EIMI. [On the Author's Journey to Russia in 1931.].
Author: Edward Estlin Cummings
Publisher:
Published: 1948
Total Pages: 0
ISBN-13:
DOWNLOAD EBOOKRead and Download eBook Full
Author: Edward Estlin Cummings
Publisher:
Published: 1948
Total Pages: 0
ISBN-13:
DOWNLOAD EBOOKAuthor: E. E. Cummings
Publisher: W. W. Norton & Company
Published: 2007-12-17
Total Pages: 496
ISBN-13: 0871407582
DOWNLOAD EBOOKA reissue of E. E. Cummings's long-unavailable, yet pointed and moving story of a journey through Soviet Russia. Unavailable for more than fifty years, EIMI finally returns. While sometimes termed a "novel," it is better described as a novelistic travelogue, the diary of a trip to Russia in the 1930s during the rise of the Stalinist government.
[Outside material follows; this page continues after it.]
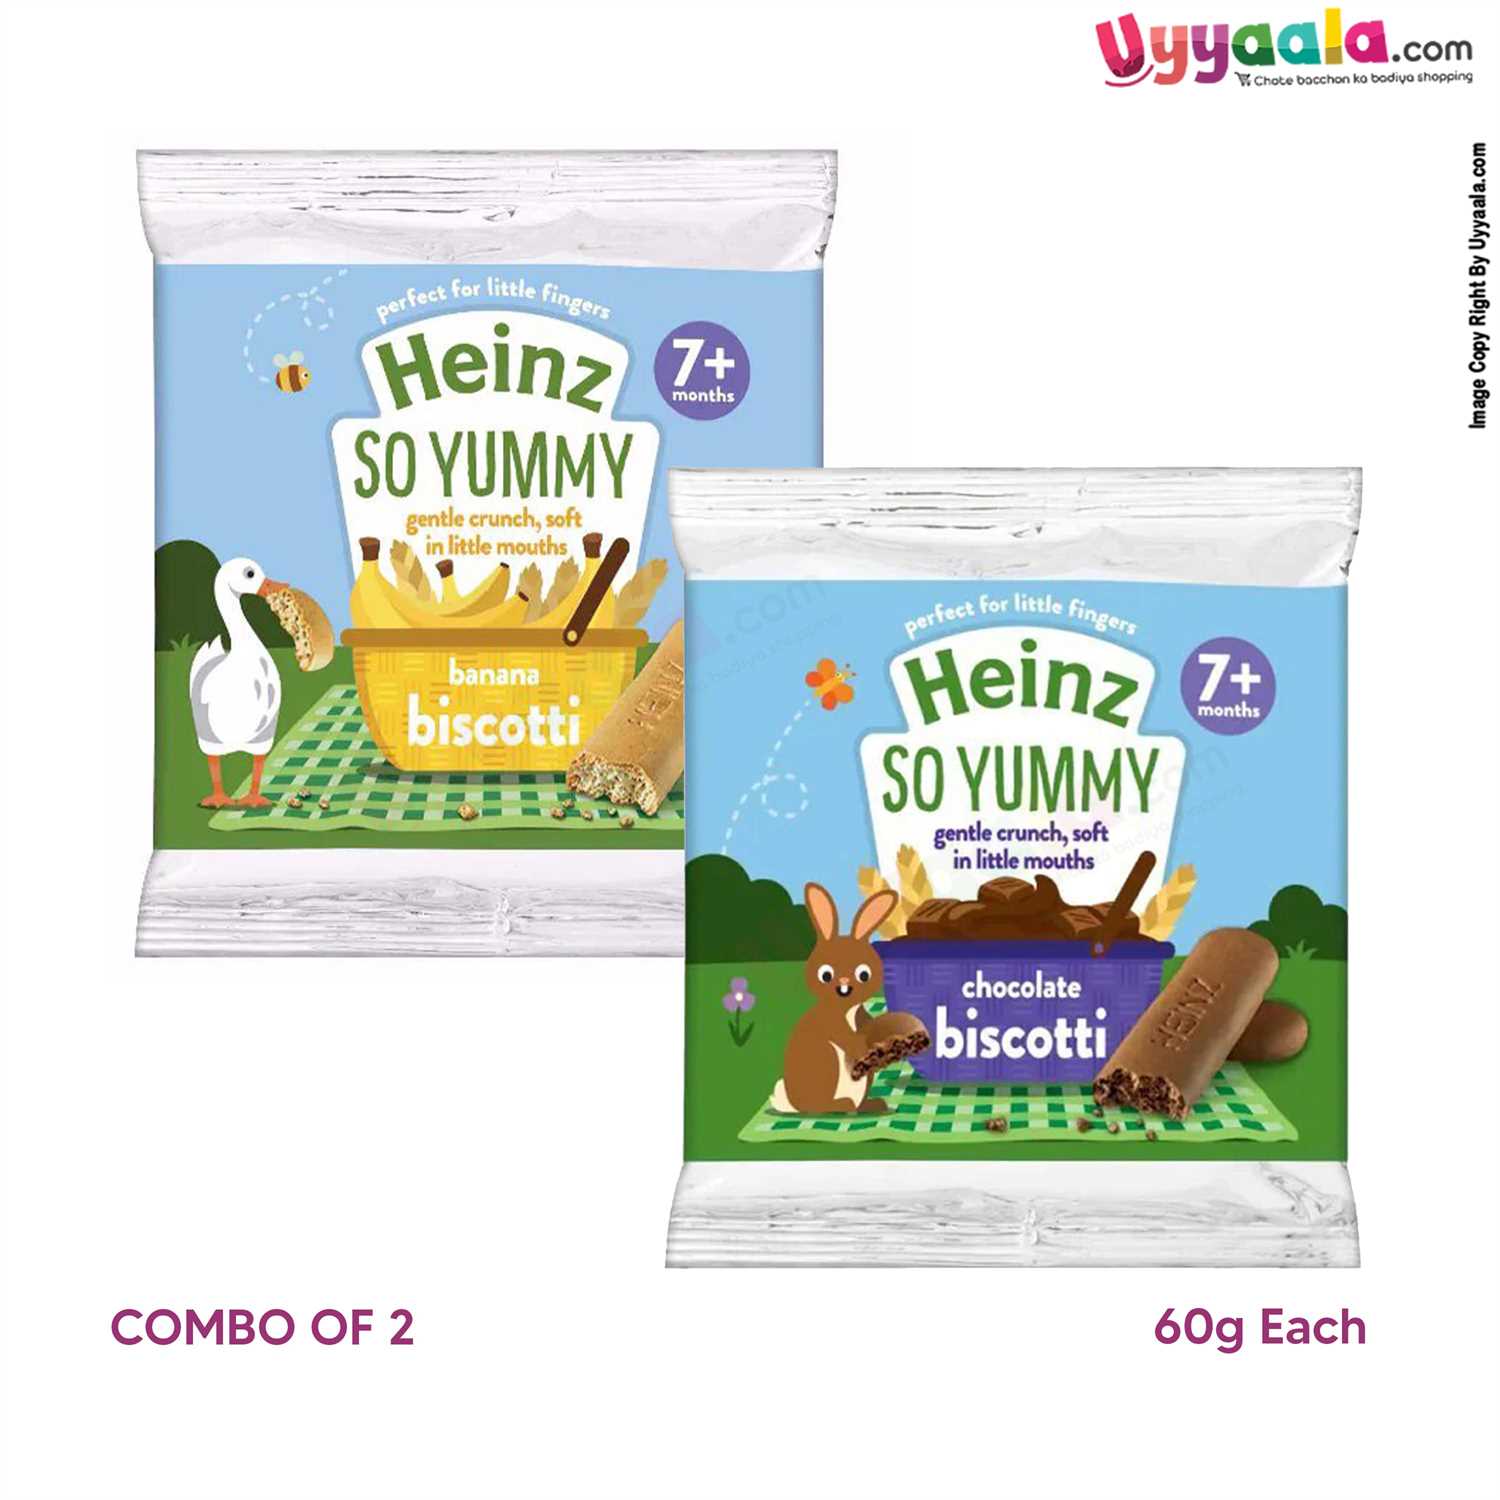 HEINZ SO YUMMY Banana & Chocolate biscotti for Kids snacks Combo of 2 - Banana & Chocolate Biscuits (60 g each)

Despite some contempt for what he witnesses, Cummings's narrator has an effective, occasionally hilarious way of evoking feelings of accord and understanding. As Ezra Pound wrote, Cummings's Soviet Union is laid "out there pellucidly on the page in all its Slavic unfinishedness, in all of its Dostoievskian slobberyness....Does any man wish to know about Russia? 'EIMI'!" A stylistic tour de force, EIMI is a mélange of styles and tones, the prose containing many abbreviations, grammatical and syntactical shifts, typographical devices, compounds, and word coinages. This is Cummings's invigorating and unique voice at its finest, and EIMI is without question one of his most substantial accomplishments.
Author: Vladimir Feshchenko
Publisher: BRILL
Published: 2023-07-17
Total Pages: 308
ISBN-13: 9004526307
DOWNLOAD EBOOKAn experiment with language. Is it an object cultivated in poetic laboratories where entry is locked for mere mortals? And what do language scholars think about it? Specialists in language and literature studies interested in linguistic innovation and experimental poetry will find answers to these questions in Vladimir Feshchenko’s book. The study investigates various strategies of radical linguistic creativity in Russian and American experimental writing of the 20th century and explores cases of contemporary ‘language-oriented’ and ‘trans-language’ poetry. It is a comparative examination of two national avant-garde cultures, but also a juxtaposition of the relationships that Russian and American avant-garde poetics had with linguistic ideas of their times. The monograph may serve as a wonderful introduction to the entire field of ‘linguistic poetics of the avant-garde’.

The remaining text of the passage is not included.